I've been following along with my
Rouxbe course pretty solidly for a few weeks now, and most of the exercises I've come to recently have been dealing with vegetables and specifically with boiling vegetables. (The next lesson will be steaming, but for now we're at boiling and simmering.) I've learned a few very useful things. Did you know that vegetables are generally broken up into three categories? They are! Green vegetables, white and red vegetables, and orange and yellow vegetables. Boiled green vegetables should be cooked uncovered without an acid; white and red should be covered and have an acid added halfway through; and orange and yellow vegetables can go either way. (They're the bisexuals of the vegetable world.
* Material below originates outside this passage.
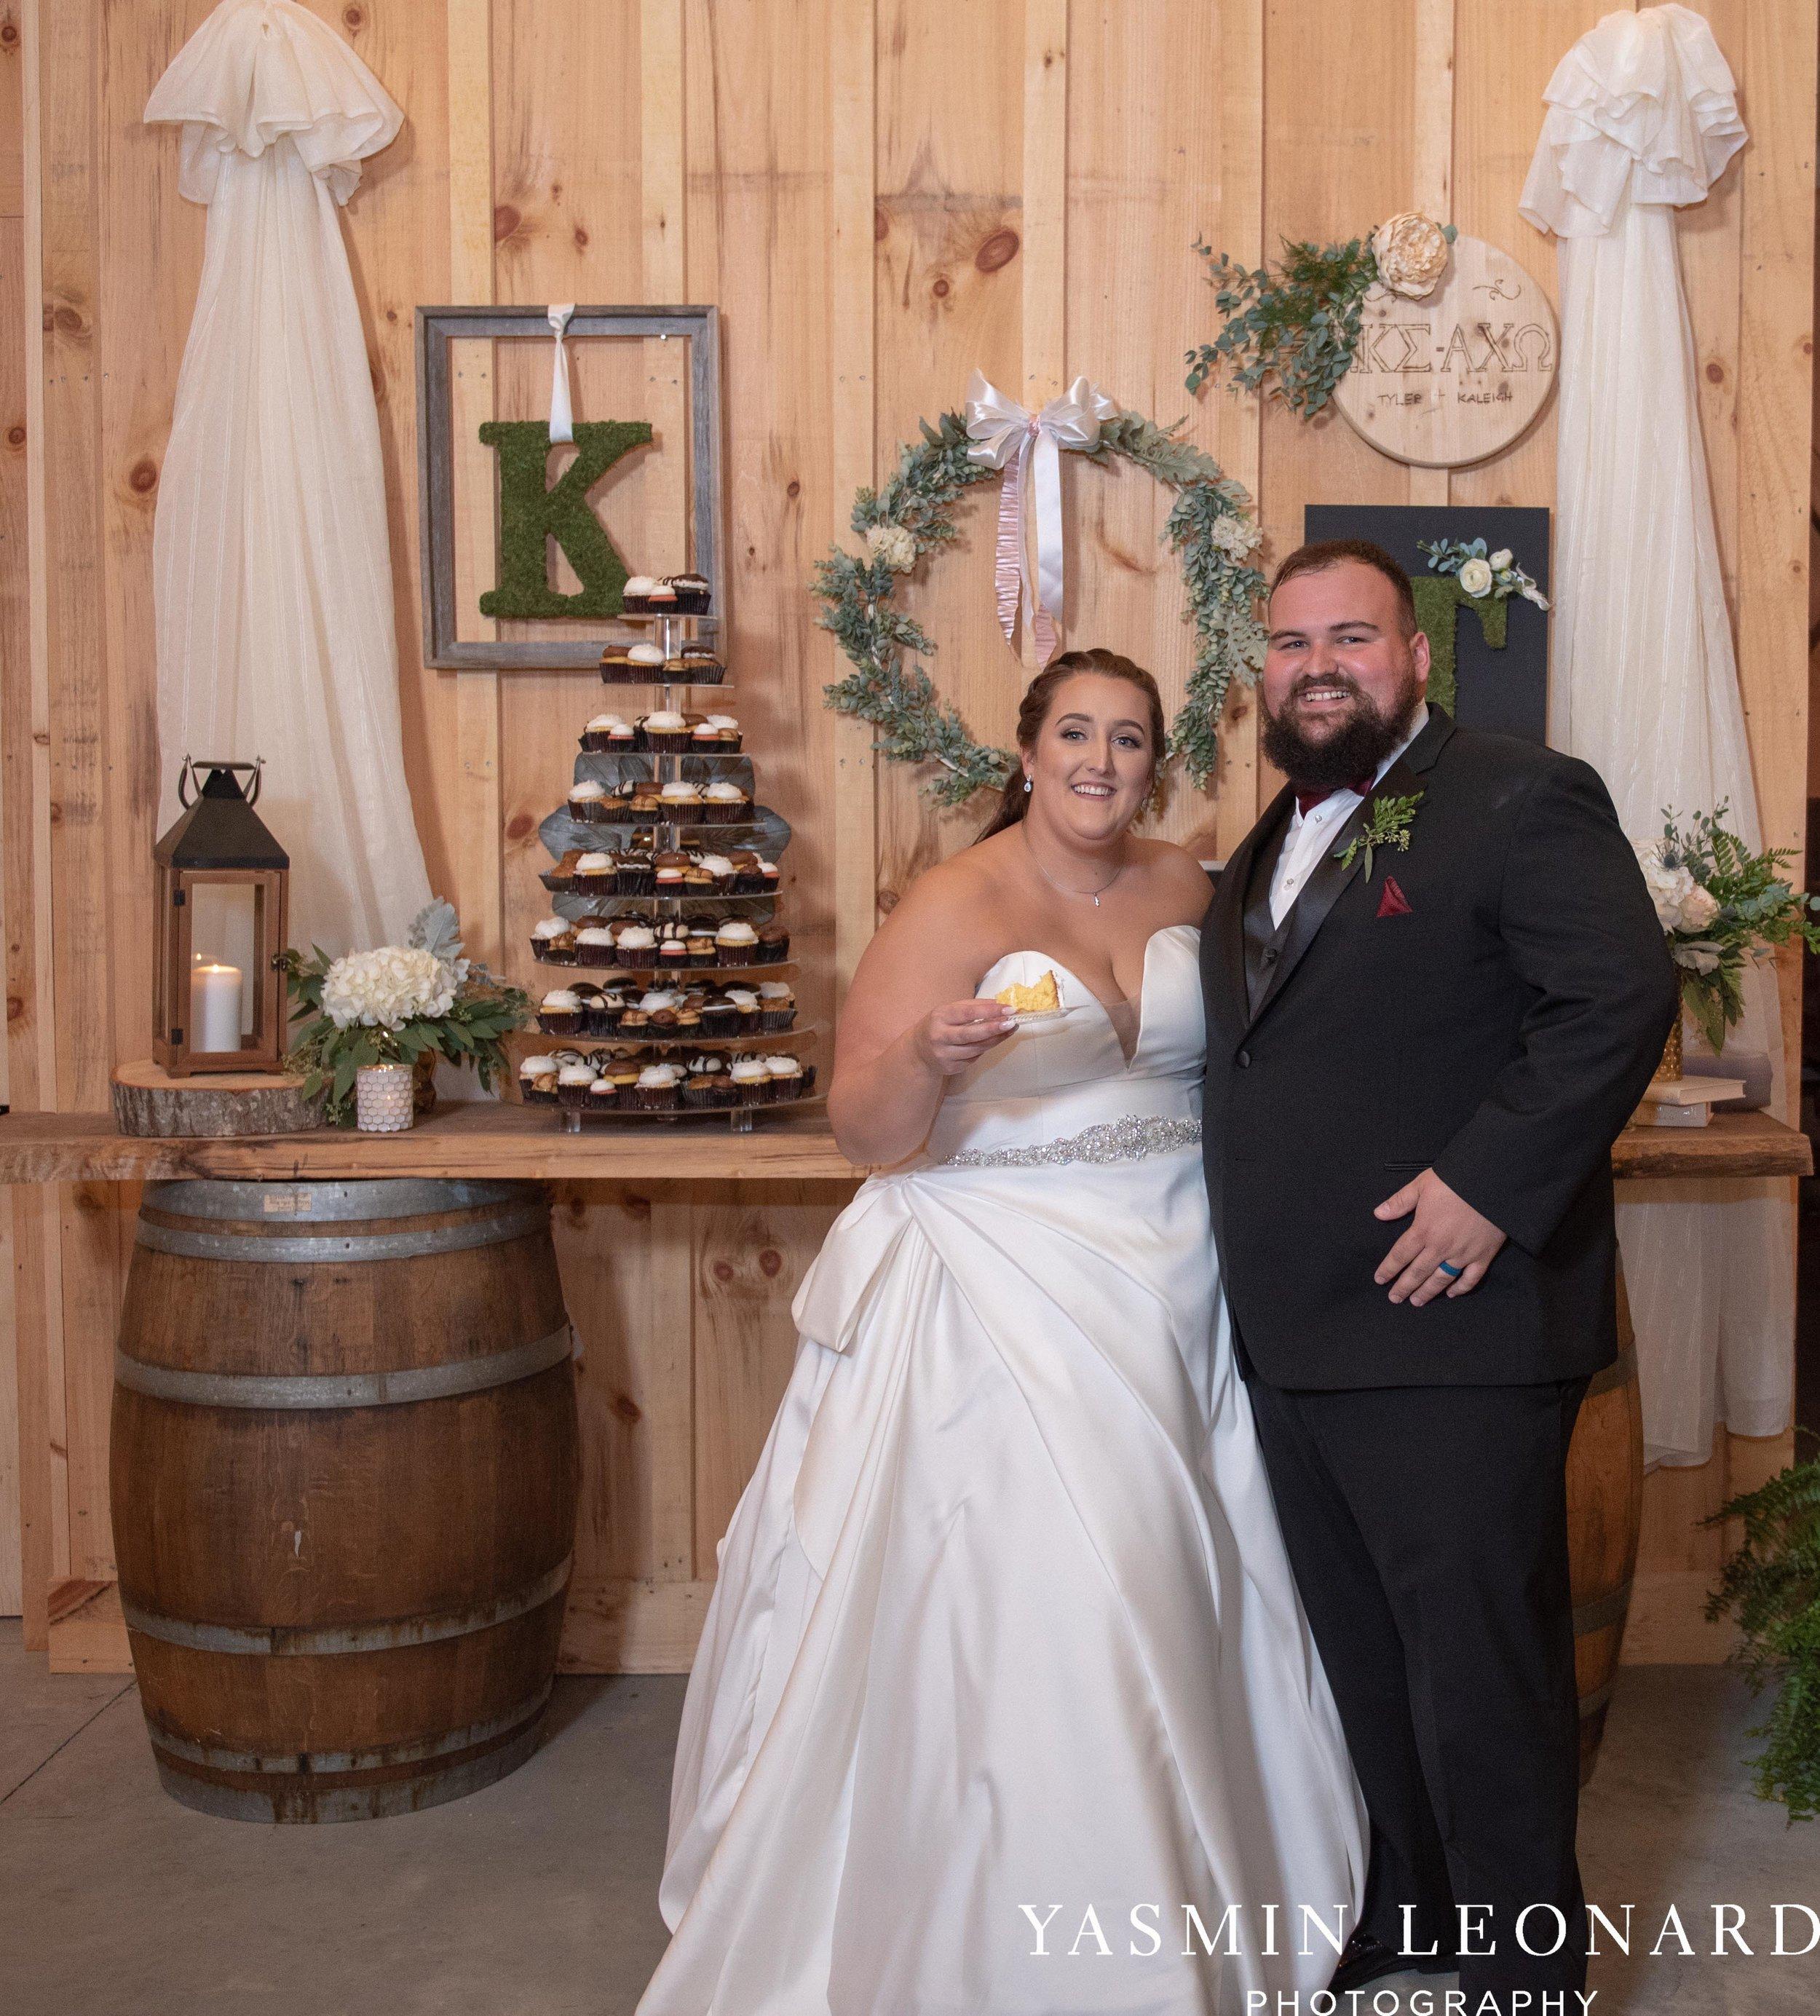 Wesley Memorial United Methodist Church - Old Homeplace Winery - High Point Weddings - High Point Wedding Photographer - NC Weddings - NC Barn Venue - Yasmin Leonard Photography-70.jpg

Racy!)
In any case, I haven't made a "real" recipe for this adventures in cooking lesson, even though I bought the ingredients for one. My house is full of leftovers and it just doesn't seem like the time. So instead I present to you one snack and three exercises. Onwards!
The snack: Avocados with vinaigrette
First up, a little snack of avocados with a vinaigrette. The
avocado recipe (viewable to non-members) uses a mustard vinaigrette, but I don't have any dijon mustard and wasn't going to buy a whole jar just for one recipe -- I'm not a huge mustard fan -- so I made a curry vinaigrette instead. (Curry powder, olive oil, powdered ginger, salt, and pepper.) In fairness, I may have made it a bit too strong, as it was very spicy, but it was also very tasty. I ate the whole thing by myself, all 500-ish calories worth. (Healthy calories, but calories nonetheless.)
If the goal here was to convince people to like avocados, they didn't really need to go very far to convince me. I already know I like avocados. I tend to avoid them because: 1. they're expensive, 2. they're often over-ripe, and 3. they're very calorie-dense. But oh, so tasty.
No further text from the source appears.